**The data**:
*** Block opens ***

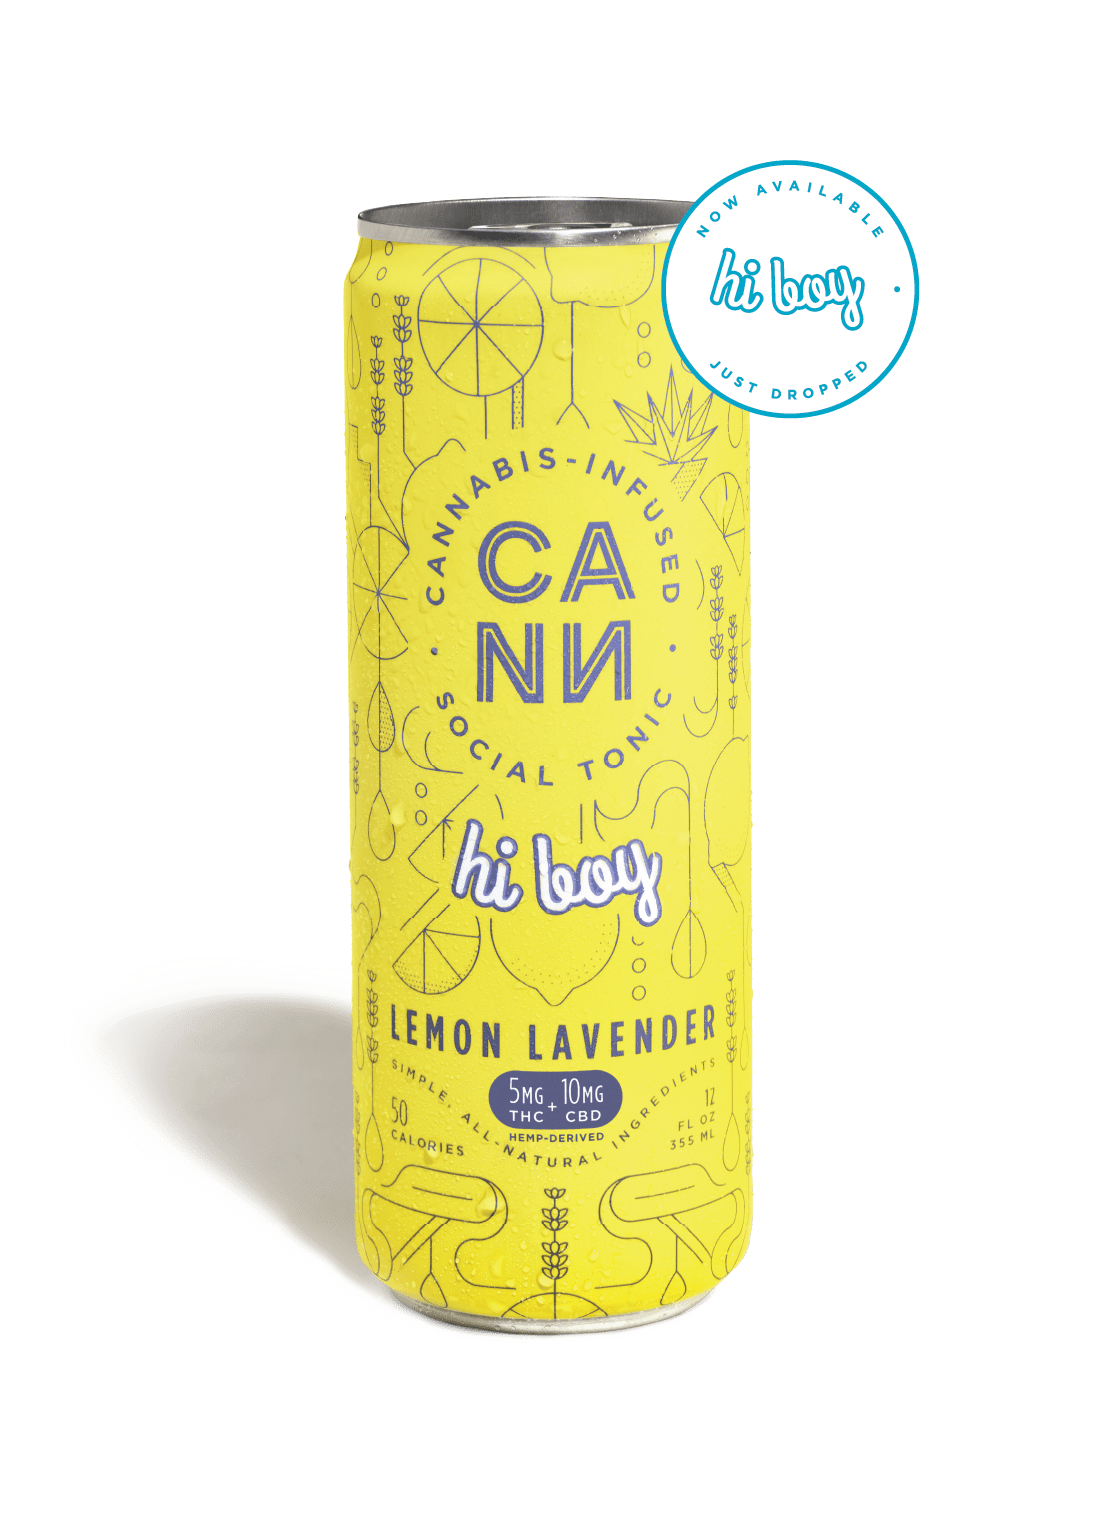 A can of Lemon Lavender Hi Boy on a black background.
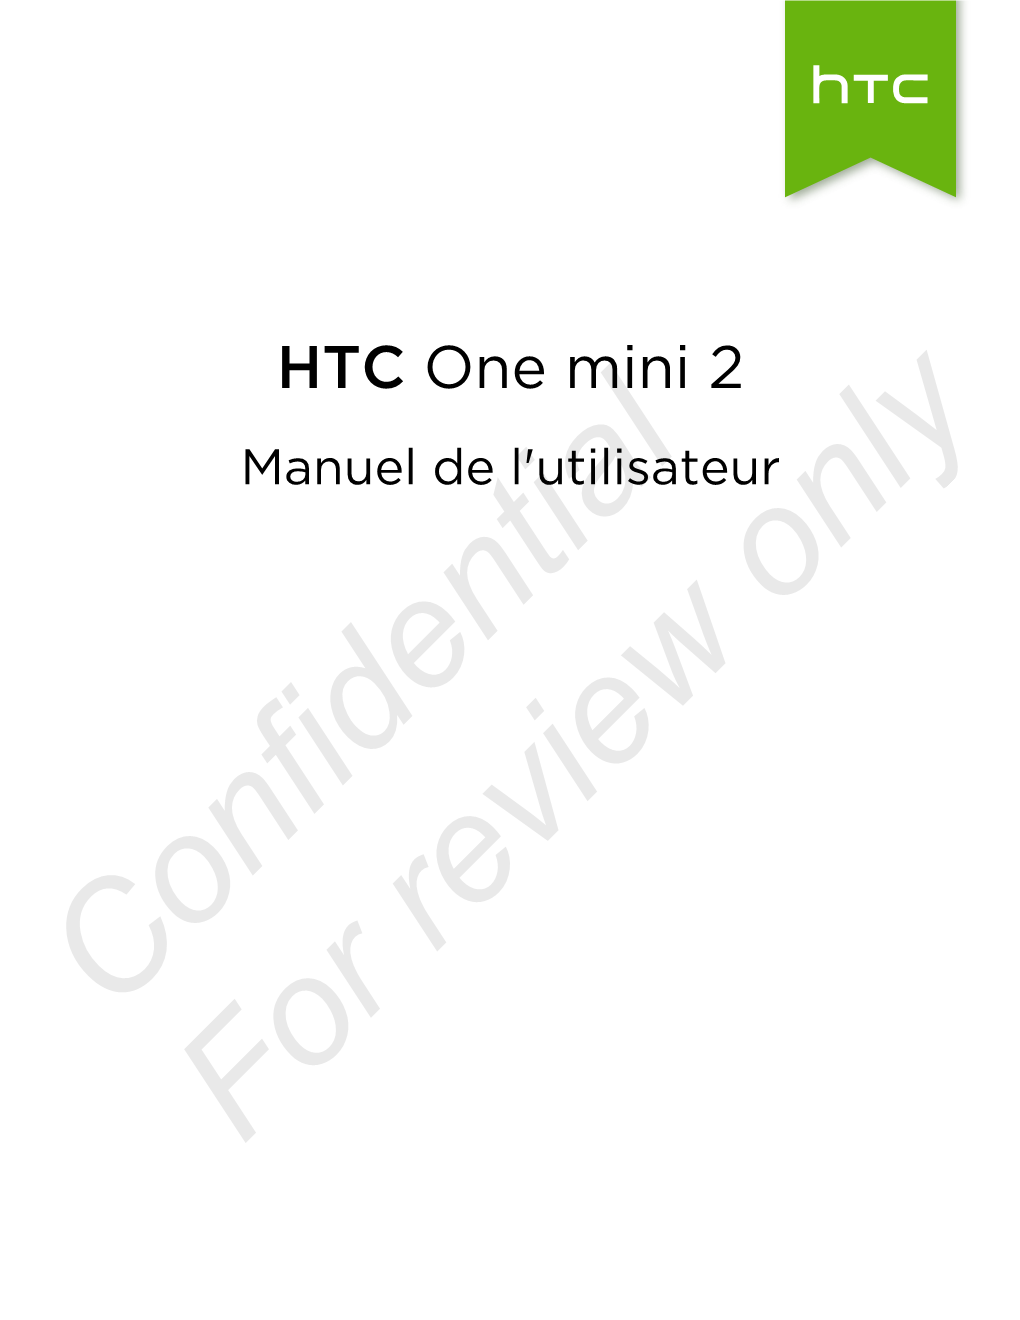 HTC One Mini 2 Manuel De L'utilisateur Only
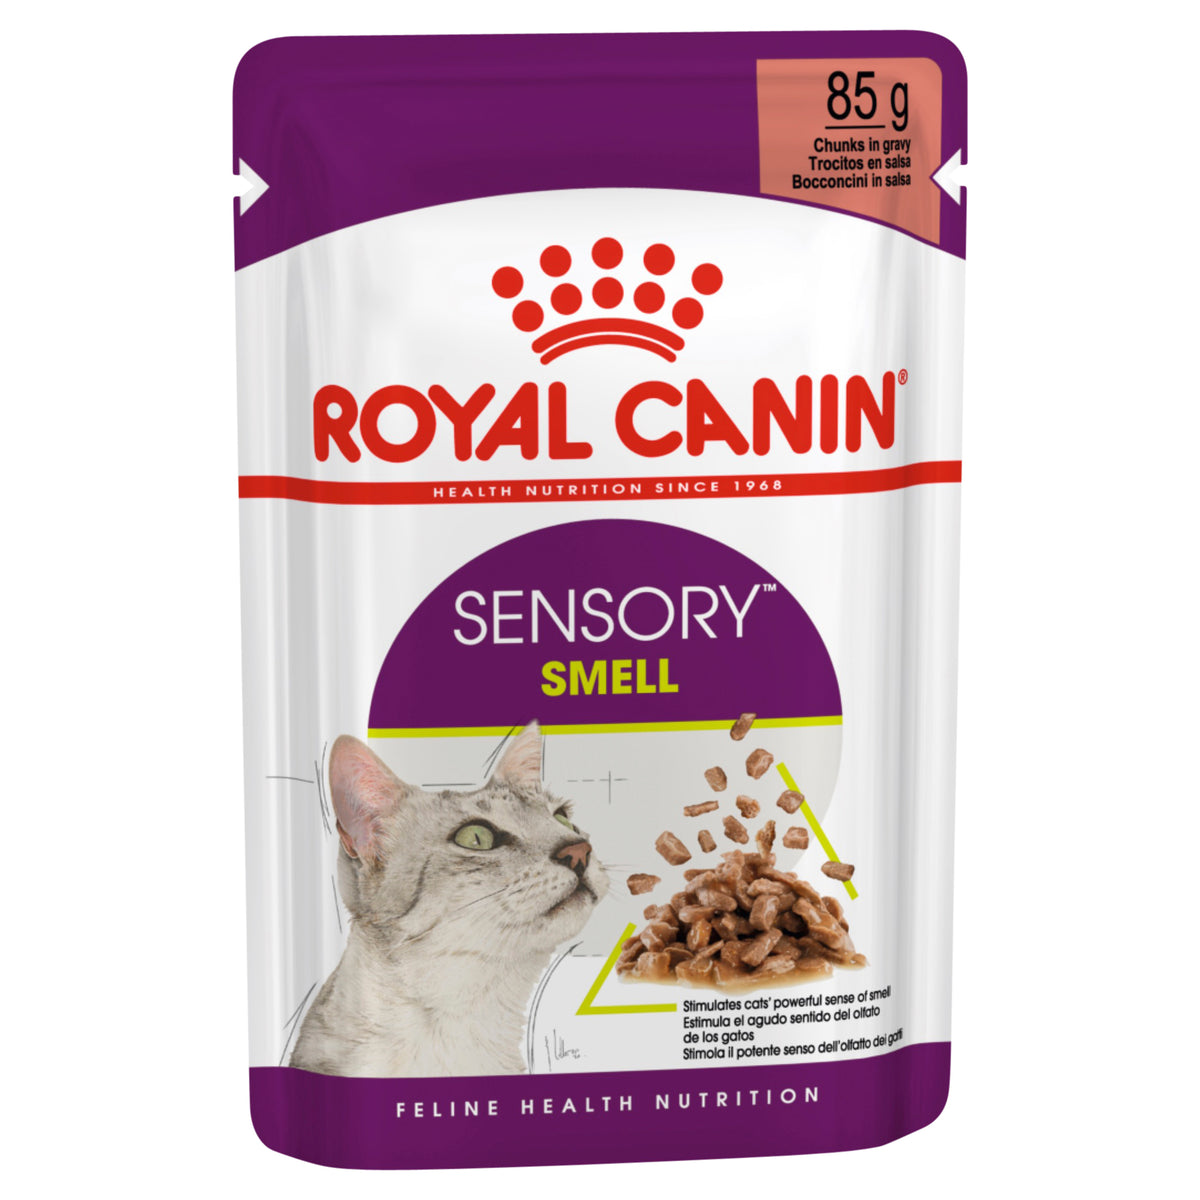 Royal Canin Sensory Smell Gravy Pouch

*** Block closes ***

**Instructions to follow**: From the first line to the last, please copy the data exactly, with the pictures left out.

**Reply to the task**:
 A can of Lemon Lavender Hi Boy on a black background.
 HTC One Mini 2 Manuel De L'utilisateur Only
 Royal Canin Sensory Smell Gravy Pouch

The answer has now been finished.